Artist

The Cantrells

Genre: Country ,Bluegrass ,Swing
Origin: U.S.A
Listen on Coda
For an illustration of how challenging it has grown to sort and classify the many varieties of music grouped under the heading of "folk," the husband-and-wife team of Al and Emily Cantrell offers a clear case. Since uniting their lives in the early 1980s, the pair has fashioned an arresting combination of bluegrass, swing, jazz, and old-time styles that attracted listeners nationwide, among them figures in Hollywood.

Raised in Nankipoo, TN, a short distance north of her Memphis birthplace, Emily Cantrell took up piano at age four and spent much of her youth making music alongside her brother Jim. Her strong soprano soon drew notice, its clear, ringing tone prompting later comparisons to Joan Baez and Joni Mitchell once she reached adulthood. She also began composing her own material, revealing skill with words and imagery. After relocating to Boulder, CO, in 1980, she encountered Tim O'Brien, then fronting the influential neo-traditionalist bluegrass outfit Hot Rize. Impressed by her vocals, O'Brien asked her to contribute harmony to "Queen of Hearts" on his 1984 solo album Hard Year Blues for Flying Fish. In 1981 she established her own bluegrass group, the Tractors (distinct from the 1990s retro-country act sharing that name).

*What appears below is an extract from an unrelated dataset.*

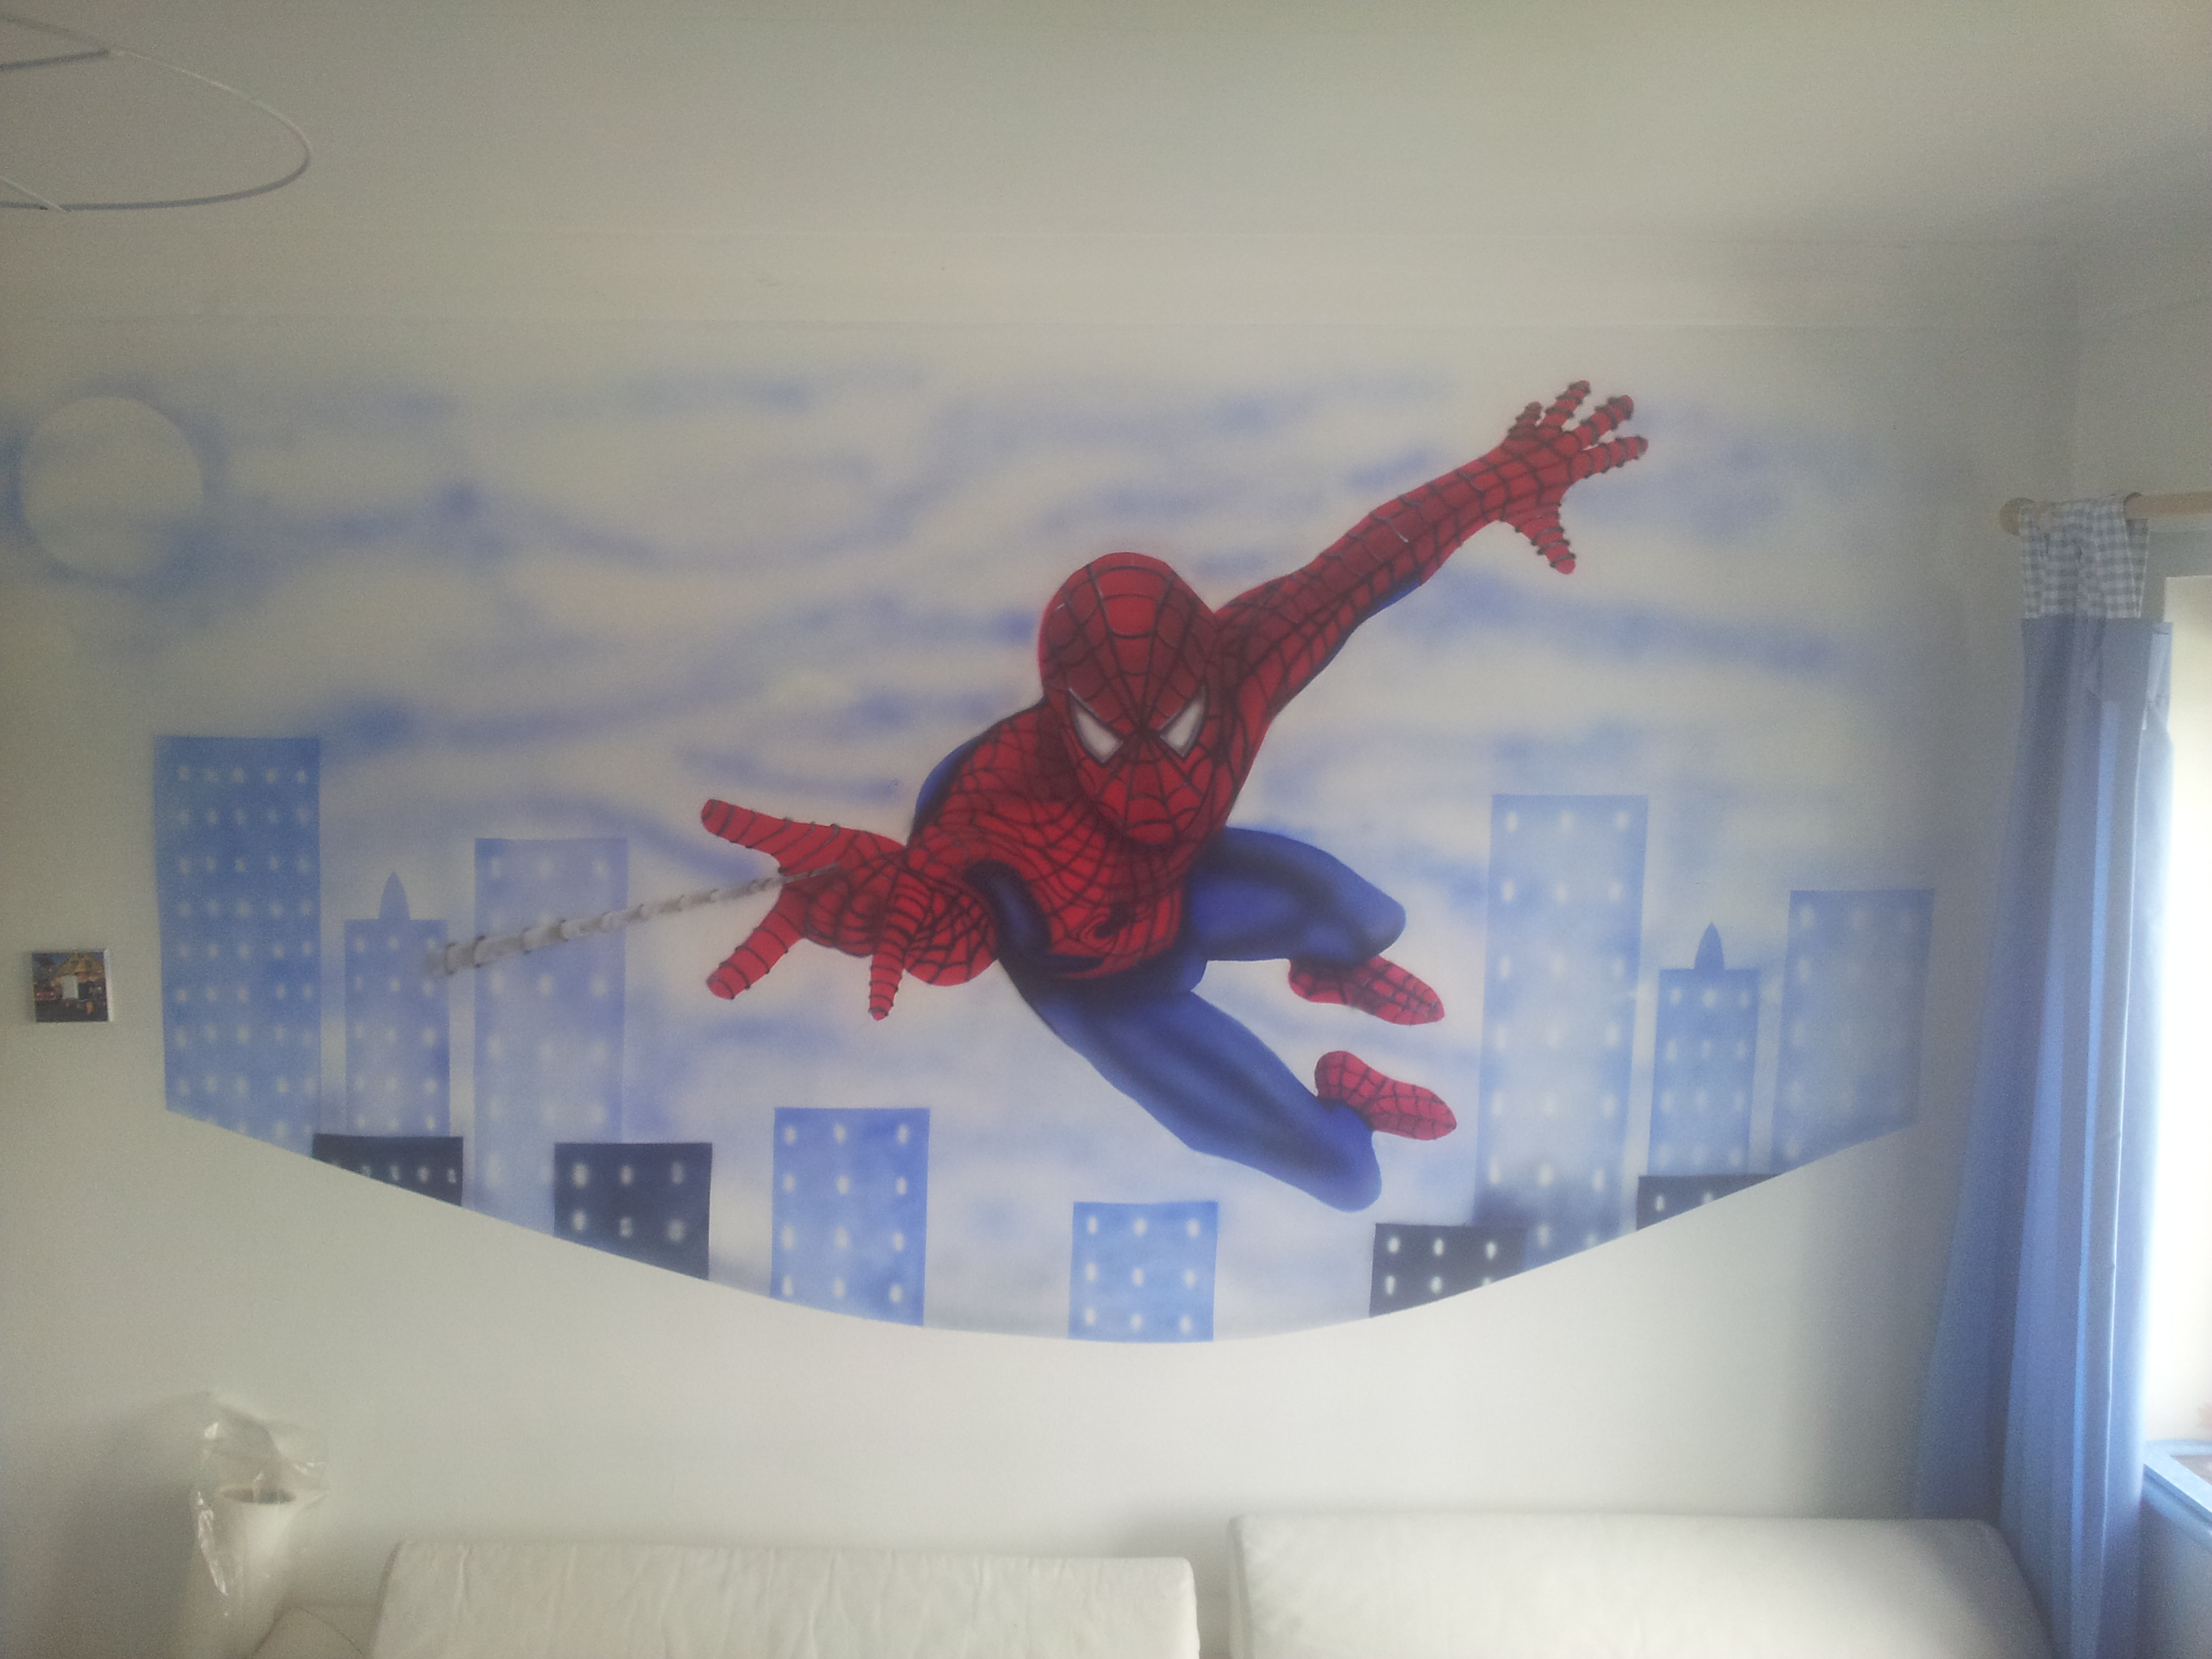 Airbrushingmurals spiderman wall mural amipublicfo Choice Image
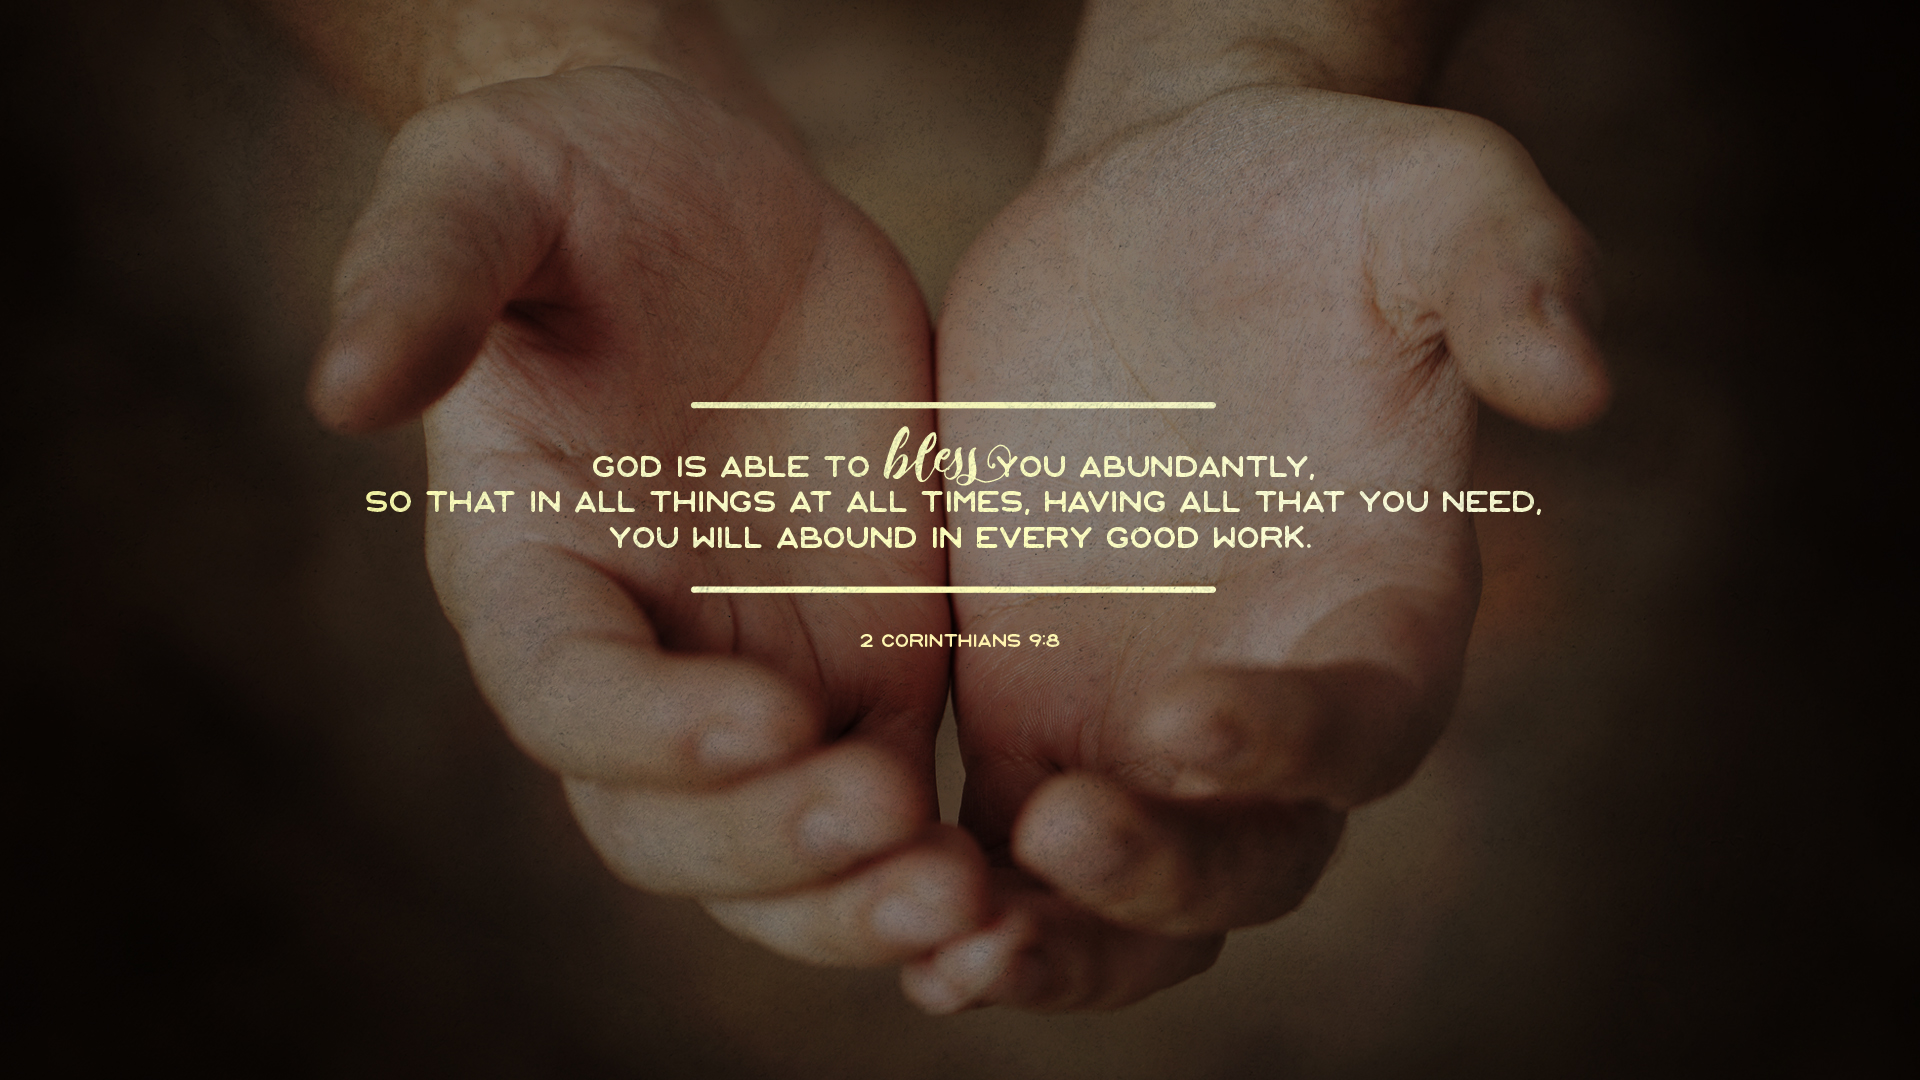 2 Corinthians 2:8-9 DESKTOP

Born Al Ehlers in Corvallis, OR, Al Cantrell grew up along Puget Sound between Tacoma and Seattle at Three Tree Point. Music filled his household from the start; his father served as a church organist, and Al maintained that the Bach fugues he heard in utero constituted his first exposure. He studied violin in grade school before shifting to rock and electric bass. Interest in country and its offshoots arose after hearing Merle Haggard songs covered by prominent rock acts such as the Grateful Dead. Returning to the fiddle in the early 1980s, he became the protégé of noted Idaho fiddler Teddy Jones while absorbing techniques from bluegrass and swing players including Vassar Clements and Johnny Gimble. Following European tours, he arrived in Boulder in 1983 and auditioned for the Tractors. He joined, and after the group disbanded several years later, Al and Emily stayed together both personally and professionally, with Al adopting her surname Cantrell, meaning "Little Singer."

The Cantrells relocated to Nashville in 1988 and recorded a demo that became their debut album, Under a Southern Moon, issued on Sombrero Records. The set mixed swing and big-band standards such as "Slow Boat to China" in an acoustic, bluegrass-rooted approach. Though none of the selections were Emily’s compositions, the project showcased her vocal range, and Al’s restrained fiddle-and-mandolin support helped produce a compelling first release. Their 1991 follow-up, A New Language on Turquoise Records, incorporated some of Emily’s writing, yet it was the 1995 Sombrero album Dancing with the Miller’s Daughter that marked their full stride, seven of its ten tracks consisting of original Cantrell songs. That record stood out for its spare yet forceful sound, relying solely on Emily’s voice and guitar alongside Al’s fiddle and mandolin without additional studio players.

While preparing to produce and direct A River Runs Through It (released in 1992), Robert Redford met the Cantrells at a party in the early 1990s. Captivated by their music, he placed selections on the film’s soundtrack and cast Al and Emily as extras in the church-social sequence, where they appear as the musicians. After shifting from Nashville to Ohio in the late 1990s, the Cantrells kept touring and performing nationwide, gaining fresh audiences with their polished acoustic style.